▸ TASK DETAILS:
The records shown below are to be repeated exactly and completely.

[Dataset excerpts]
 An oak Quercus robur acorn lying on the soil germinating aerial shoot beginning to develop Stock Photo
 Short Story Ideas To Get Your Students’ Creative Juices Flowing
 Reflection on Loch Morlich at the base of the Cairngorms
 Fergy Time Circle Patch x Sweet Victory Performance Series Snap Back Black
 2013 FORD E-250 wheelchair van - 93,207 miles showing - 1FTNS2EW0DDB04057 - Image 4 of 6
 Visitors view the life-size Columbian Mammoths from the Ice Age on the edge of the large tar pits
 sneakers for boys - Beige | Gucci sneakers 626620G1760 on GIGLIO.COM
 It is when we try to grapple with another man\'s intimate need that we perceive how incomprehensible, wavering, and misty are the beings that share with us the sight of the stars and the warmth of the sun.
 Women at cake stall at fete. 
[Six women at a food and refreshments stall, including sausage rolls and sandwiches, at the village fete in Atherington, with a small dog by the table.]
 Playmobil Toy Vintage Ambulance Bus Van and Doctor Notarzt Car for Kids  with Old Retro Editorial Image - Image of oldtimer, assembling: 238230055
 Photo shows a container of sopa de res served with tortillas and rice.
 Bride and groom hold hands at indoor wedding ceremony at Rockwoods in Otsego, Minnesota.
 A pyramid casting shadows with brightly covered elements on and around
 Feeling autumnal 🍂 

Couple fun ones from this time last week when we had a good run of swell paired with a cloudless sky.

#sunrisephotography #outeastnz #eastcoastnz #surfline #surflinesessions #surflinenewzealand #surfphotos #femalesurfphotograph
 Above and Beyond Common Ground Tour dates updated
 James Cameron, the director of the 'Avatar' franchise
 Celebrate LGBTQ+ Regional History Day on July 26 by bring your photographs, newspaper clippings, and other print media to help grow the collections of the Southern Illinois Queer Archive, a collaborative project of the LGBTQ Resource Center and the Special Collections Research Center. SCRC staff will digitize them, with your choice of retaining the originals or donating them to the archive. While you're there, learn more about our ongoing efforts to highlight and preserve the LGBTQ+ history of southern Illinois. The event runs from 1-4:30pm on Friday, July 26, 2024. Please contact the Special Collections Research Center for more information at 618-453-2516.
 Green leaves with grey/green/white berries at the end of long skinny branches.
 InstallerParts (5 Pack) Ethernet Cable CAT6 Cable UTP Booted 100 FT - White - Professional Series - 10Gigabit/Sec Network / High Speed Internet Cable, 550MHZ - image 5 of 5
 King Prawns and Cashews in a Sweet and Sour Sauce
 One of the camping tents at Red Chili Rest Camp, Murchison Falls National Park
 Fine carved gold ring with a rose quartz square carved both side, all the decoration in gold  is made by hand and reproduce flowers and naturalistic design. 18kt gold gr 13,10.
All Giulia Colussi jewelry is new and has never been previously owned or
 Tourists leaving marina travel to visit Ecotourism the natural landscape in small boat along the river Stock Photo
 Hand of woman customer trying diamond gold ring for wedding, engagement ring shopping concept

▸ WRITTEN SOLUTION:
 An oak Quercus robur acorn lying on the soil germinating aerial shoot beginning to develop Stock Photo
 Short Story Ideas To Get Your Students’ Creative Juices Flowing
 Reflection on Loch Morlich at the base of the Cairngorms
 Fergy Time Circle Patch x Sweet Victory Performance Series Snap Back Black
 2013 FORD E-250 wheelchair van - 93,207 miles showing - 1FTNS2EW0DDB04057 - Image 4 of 6
 Visitors view the life-size Columbian Mammoths from the Ice Age on the edge of the large tar pits
 sneakers for boys - Beige | Gucci sneakers 626620G1760 on GIGLIO.COM
 It is when we try to grapple with another man\'s intimate need that we perceive how incomprehensible, wavering, and misty are the beings that share with us the sight of the stars and the warmth of the sun.
 Women at cake stall at fete. 
[Six women at a food and refreshments stall, including sausage rolls and sandwiches, at the village fete in Atherington, with a small dog by the table.]
 Playmobil Toy Vintage Ambulance Bus Van and Doctor Notarzt Car for Kids  with Old Retro Editorial Image - Image of oldtimer, assembling: 238230055
 Photo shows a container of sopa de res served with tortillas and rice.
 Bride and groom hold hands at indoor wedding ceremony at Rockwoods in Otsego, Minnesota.
 A pyramid casting shadows with brightly covered elements on and around
 Feeling autumnal 🍂 

Couple fun ones from this time last week when we had a good run of swell paired with a cloudless sky.

#sunrisephotography #outeastnz #eastcoastnz #surfline #surflinesessions #surflinenewzealand #surfphotos #femalesurfphotograph
 Above and Beyond Common Ground Tour dates updated
 James Cameron, the director of the 'Avatar' franchise
 Celebrate LGBTQ+ Regional History Day on July 26 by bring your photographs, newspaper clippings, and other print media to help grow the collections of the Southern Illinois Queer Archive, a collaborative project of the LGBTQ Resource Center and the Special Collections Research Center. SCRC staff will digitize them, with your choice of retaining the originals or donating them to the archive. While you're there, learn more about our ongoing efforts to highlight and preserve the LGBTQ+ history of southern Illinois. The event runs from 1-4:30pm on Friday, July 26, 2024. Please contact the Special Collections Research Center for more information at 618-453-2516.
 Green leaves with grey/green/white berries at the end of long skinny branches.
 InstallerParts (5 Pack) Ethernet Cable CAT6 Cable UTP Booted 100 FT - White - Professional Series - 10Gigabit/Sec Network / High Speed Internet Cable, 550MHZ - image 5 of 5
 King Prawns and Cashews in a Sweet and Sour Sauce
 One of the camping tents at Red Chili Rest Camp, Murchison Falls National Park
 Fine carved gold ring with a rose quartz square carved both side, all the decoration in gold  is made by hand and reproduce flowers and naturalistic design. 18kt gold gr 13,10.
All Giulia Colussi jewelry is new and has never been previously owned or
 Tourists leaving marina travel to visit Ecotourism the natural landscape in small boat along the river Stock Photo
 Hand of woman customer trying diamond gold ring for wedding, engagement ring shopping concept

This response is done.